I had a MVD about 9 months ago, with only partial success. There was scar tissue on the nerve from the compression, and the neurosurgeon said I need to wait a while to see how the nerve heals. After an MVD, were you alleviated immediately, or did it take a while? Also, my nuro wants me to try some medicine to take away the pain, but I'm skeptical. Can medicine actually help with the pain? I'm a singer, but singing is one of my triggers for pain!
I've been controlling my pain with medication for about 10 years.
I've used Neurontin for most of that time, but am currently on Lyrica and a low dose of Tegretol. Getting the right drug(s) and the right dosage takes a little work, but after that it really isn't too bad.
To be honest, I'm always surprised at how fast people rush to surgery these days. I'm putting it off until the medications don't work because the risk of complications is relatively high and you can only try it a few times.
I'm primarily Type 1, but Type 2 has been creeping in as I age.
Me too Tina! I take tegretol 400mg twice a day right now and I will continue with meds until they no longer work. Then I will opt for the MVD since it has the highest success rate.
Tina S said:
I've been controlling my pain with medication for about 10 years.
I've used Neurontin for most of that time, but am currently on Lyrica and a low dose of Tegretol. Getting the right drug(s) and the right dosage takes a little work, but after that it really isn't too bad.
To be honest, I'm always surprised at how fast people rush to surgery these days. I'm putting it off until the medications don't work because the risk of complications is relatively high and you can only try it a few times.
I'm primarily Type 1, but Type 2 has been creeping in as I age.
When I was first diagnosed ten yrs ago I was able to manage,eventually on Tegretol.
I enjoyed an 8 yr remission. I didn’t know it could come back, until it did 2 years ago.
I went on Tegretol again and lived “normally” on 800mg Tegretol. ( slow release)
When I saw my neuro 2 yrs ago, I remember him telling me that in his experience when TN comes back it gets worse and harder to manage with meds, I didn’t believe him, and said “not me” .
This past spring my TN became harder to control…I’m still trying different med combos, currently Tegretol and Baclofen. ( a few others this summer)
I started researching options other than meds during the summer, I’ve finally decided on MVD.
I have bilateral TN, tn1 on right and tn2 on left.
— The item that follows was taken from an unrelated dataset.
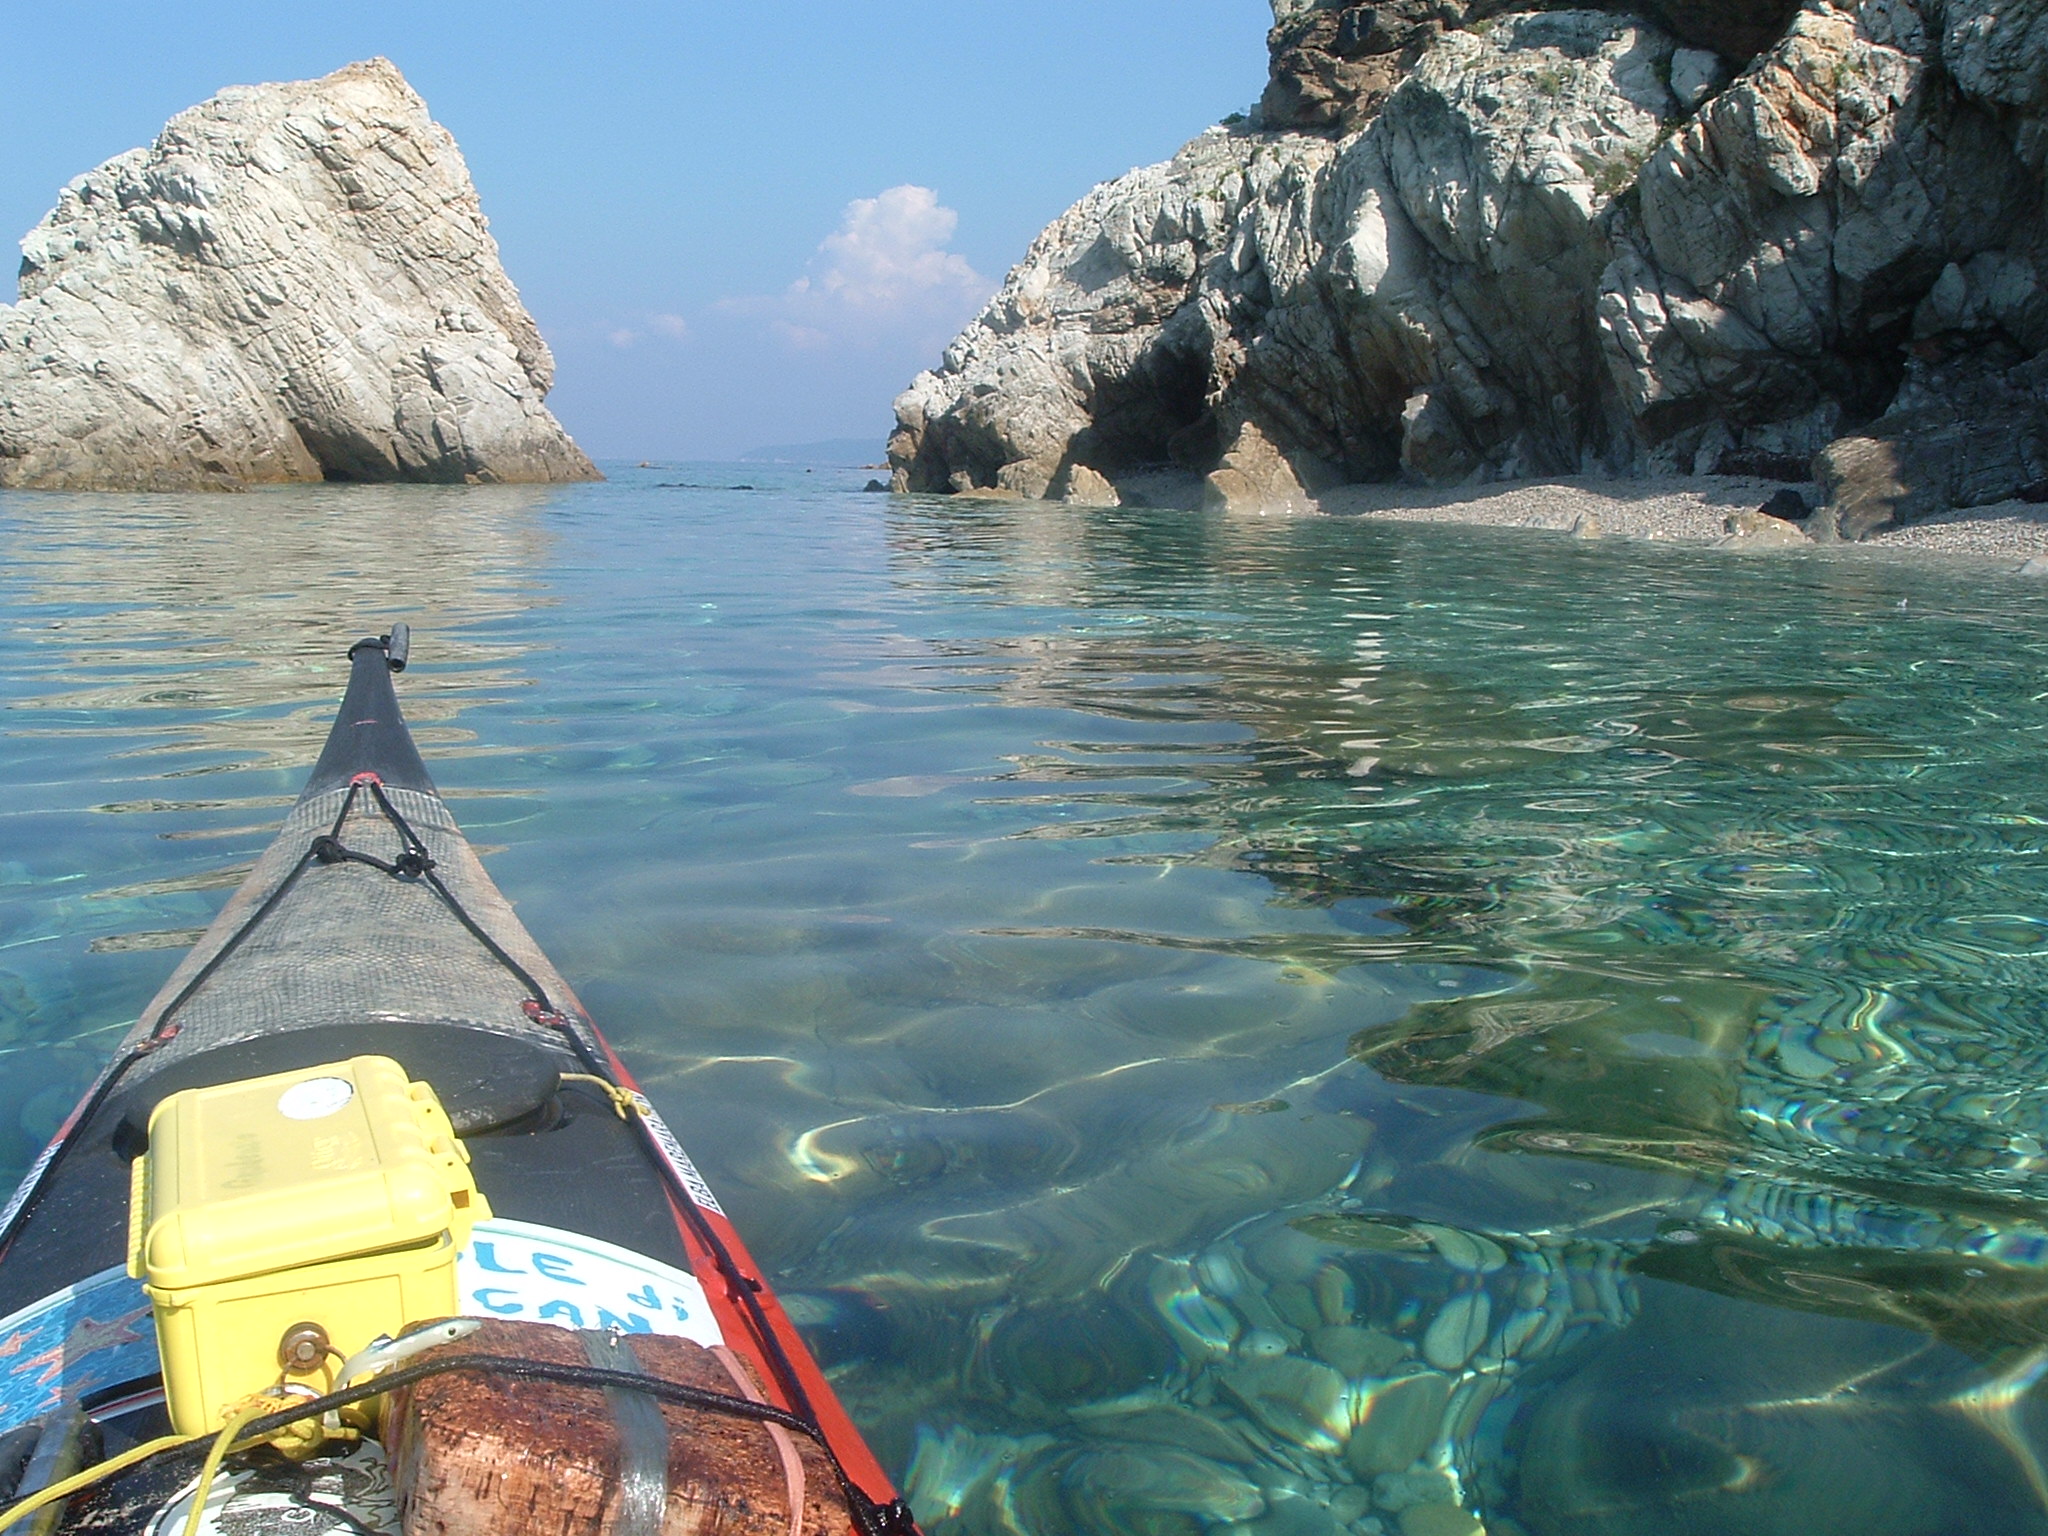 Sea Kayak Italy

It’s a personal decision, for me I’m on high doses of my meds that affect my ability to function and I get very sporadic relief . I’m young and otherwise healthy, I’ve researched and feel mvd is best for me. I am still going to try a cervical chiropractor…just to try… I do know I don’t want to do anything that could damage my nerve. Mind you a year ago I said I would never do an MVD. Constant pain and hitting a 10/10 a few times changed my mind in that respect.
It’s all about hope…
If you’re having pain I would try a low dose of something to help alleviate the pain, why suffer ?
Prior to TN I never took anything stronger than an Advil, I hate pills…but when you’re in horrendous pain you do what you have too, to function.
Christian, good luck, maybe head over to the MVD group and ask your questions regarding your MVD? Read as much as you can and then decide what’s best for you…
Take care, Mimi
After my MVD - pain came back - less - but in week 11.
Then I went back on meds - low dose - for a month - and now have been at my MVD one year mark
Those meds made my IQ plummet and I could not handle it.
yes, I have good pain management through Gabapentin. I take it religiously at set intervals. I set my phone to remind me. Whilst everyone of us should always consider surgery very carefully, I have to say I have heard of many members turn their lives around because of it. I am leaving it as a last resort while I am managed.
I am also managed on Gabapentin if you call not chewing or talking, blurry vision and not being able to drive as being managed. I am meeting with my neurosurgeon tomorrow to discuss an MVD. I am 67 and in good health. If I wait to have the MVD, I may not be healthy enough to have surgery. And yes, it has the possibility of a bad outcome but I do not think I can afford to wait. Everyone is different and must decide what is right for them.
I have tried every drug cocktail imaginable, nothing has touched the pain.
But…… I have read that effectiveness of medication also depends on how long you have had the pain. I.E It’s more difficult to reverse the pain through neural pathways if it has been there a while. I went more than a year before proper treatment for Neuralgia (I was getting “Sinus” treatments for nearly a year) , which is why I think the meds had no effect. In fact I believe if some handed me some Amitriptyline the day my pain started I might be pain free right no.
I would personally not delay or procrastinate on getting on at least trying regimen. Worst case it fails, and then you can consider another surgery. .
I had MVD, and I was still having pain. I need to work also, so I had SRS. I did feel this immediately, although this is not expected. My oncologist said not to be surprised if the pain comes back. That doesn’t mean it will not go away.